Motherboard - Asus A7N8X Deluxe
CPU - AMD 2100
HD - 1x 20 gigs IBM IDE 133, 1x 80 gigs Maxtor SATA
Video Card - Nvidia Gforce 4 MX 440
Ram - 2x 256 MB DDR 333

I'm running Windows XP and having some problems.
For the last 3-4 months Windows XP keeps giving me almost all kinds of
BSOD. I think I ran into almost any BSOD exsist.
The ones who are repeating on a daily basis are:
0x00000050
0x0000008E
0x0000000A
0x0000001E
0x0000001A
0x000000C2
0xC000021A

The strange thing is that it's completely coincidental. The system can work for 2 hours without any problem, and then opening a word document, or checking mail or anything else can cause BSOD. In other cases after a minute that system is up, I get the BSOD.

I've tried testing the memory with at least 3 different programs(including memtest86), no error found. Tried working with each of the memory cards seperately and still same BSODs.
I've updated the BIOS to the latest one, didn't help.
Updated the video card driver.
Checked for a heating problem - not the case.

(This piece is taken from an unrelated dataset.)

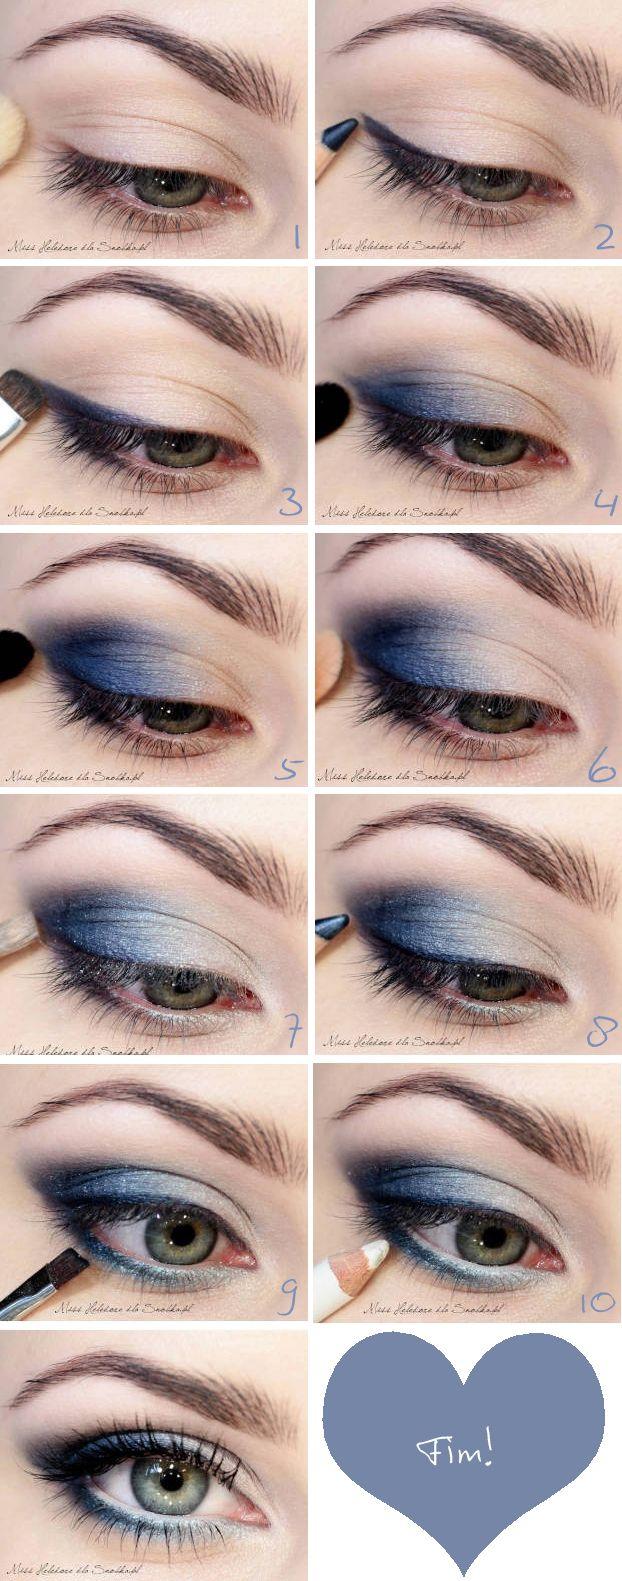 Gosta da cor azul? então vai esse tutorial com maquiagem azul. Um arraso!

As a last resort I tried installing Windows XP again, and those same BSOD are repeating in the Windows XP Setup!

Any ideas what could be the cause?
Any ideas what's the next stage?
 
Have you tried making your 80GB HD the master?
That old IBM is probably cranky and should be put to pasture, or transfered to some rubbish-PC for messing.
Before you do, try and swap the IDE flatcable, and run the appropriate tests as mentioned in the Read: Drive diagnostic utilities compendium in the Storage forum.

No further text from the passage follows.